Re: [PATCH v4] Introduce v3 namespaced file capabilities

From: Stefan Berger
Date: Fri Jun 16 2017 - 18:24:18 EST

On 06/14/2017 11:05 PM, Serge E. Hallyn wrote:
On Wed, Jun 14, 2017 at 08:27:40AM -0400, Stefan Berger wrote:
On 06/13/2017 07:55 PM, Serge E. Hallyn wrote:
Quoting Stefan Berger (stefanb@xxxxxxxxxxxxxxxxxx):
If all extended
attributes were to support this model, maybe the 'uid' could be
associated with the 'name' of the xattr rather than its 'value' (not
sure whether that's possible).
Right, I missed that in your original email when I saw it this morning.
It's not what my patch does, but it's an interesting idea. Do you have
a patch to that effect?
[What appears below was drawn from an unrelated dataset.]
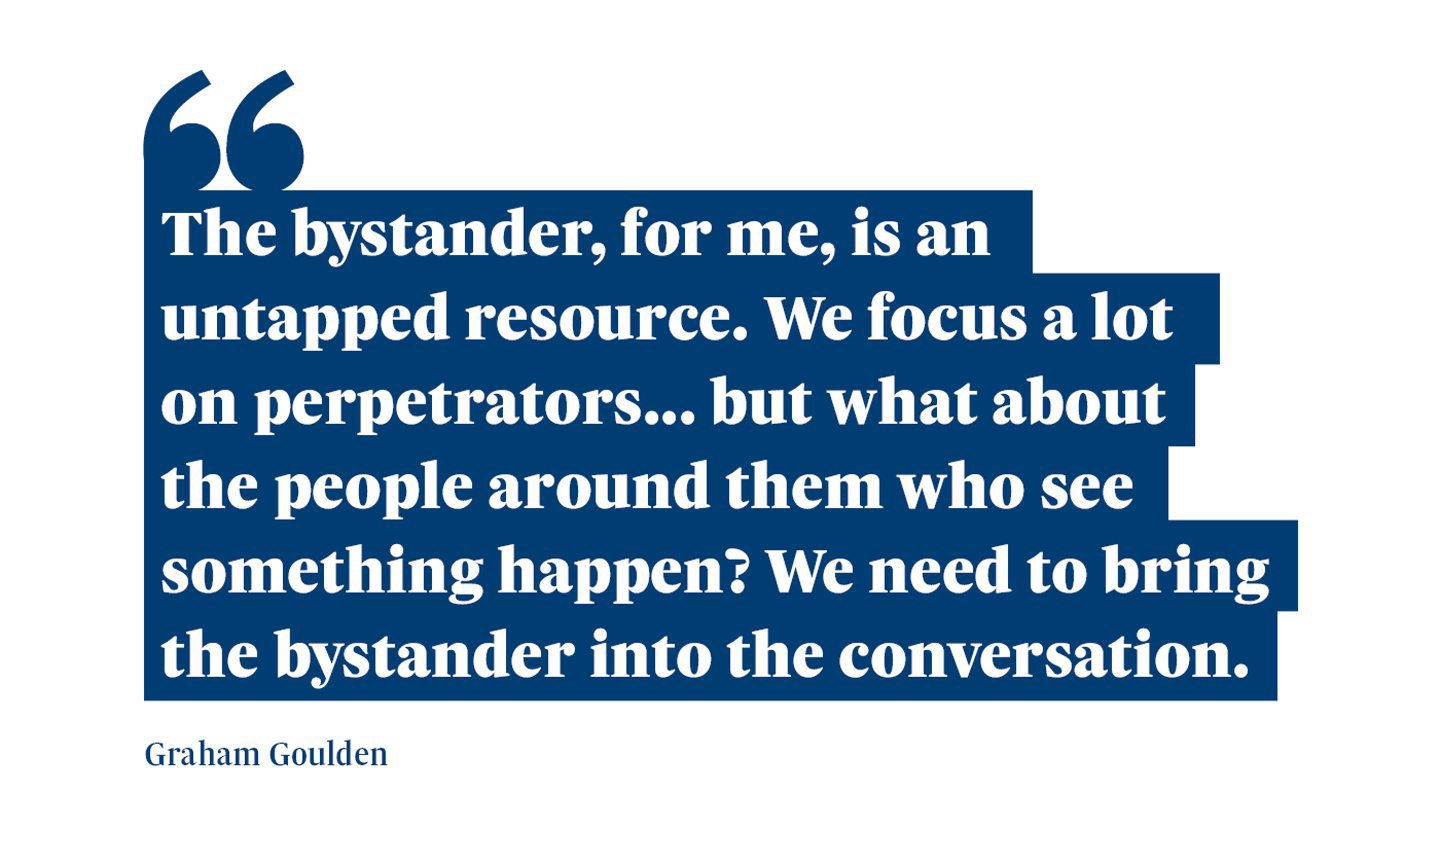 A quote from Graham Goulden saying: “The bystander, for me, is an untapped resource. We focus a lot on perpetrators... But what about the people around them who see something happen? We need to bring the bystander into the conversation."

We might even be able to generalize that to
No, I don't have a patch. It may not be possible to implement it.
The xattr_handler's take the name of the xattr as input to get().
That may be ok though. Assume the host created a container with
100000 as the uid for root, which created a container with 130000 as
uid for root. If root in the nested container tries to read the
xattr, the kernel can check for[130000] first, then[100000], then Or, it can do a listxattr
and look for those. Am I overlooking one?

So that sounds like a child would 'inherit' the value of an xattr from the closest parent if it doesn't have one itself. I guess it would depend on the xattr whether that should apply? And removing an xattr becomes difficult then if the parent container's xattr always shines through...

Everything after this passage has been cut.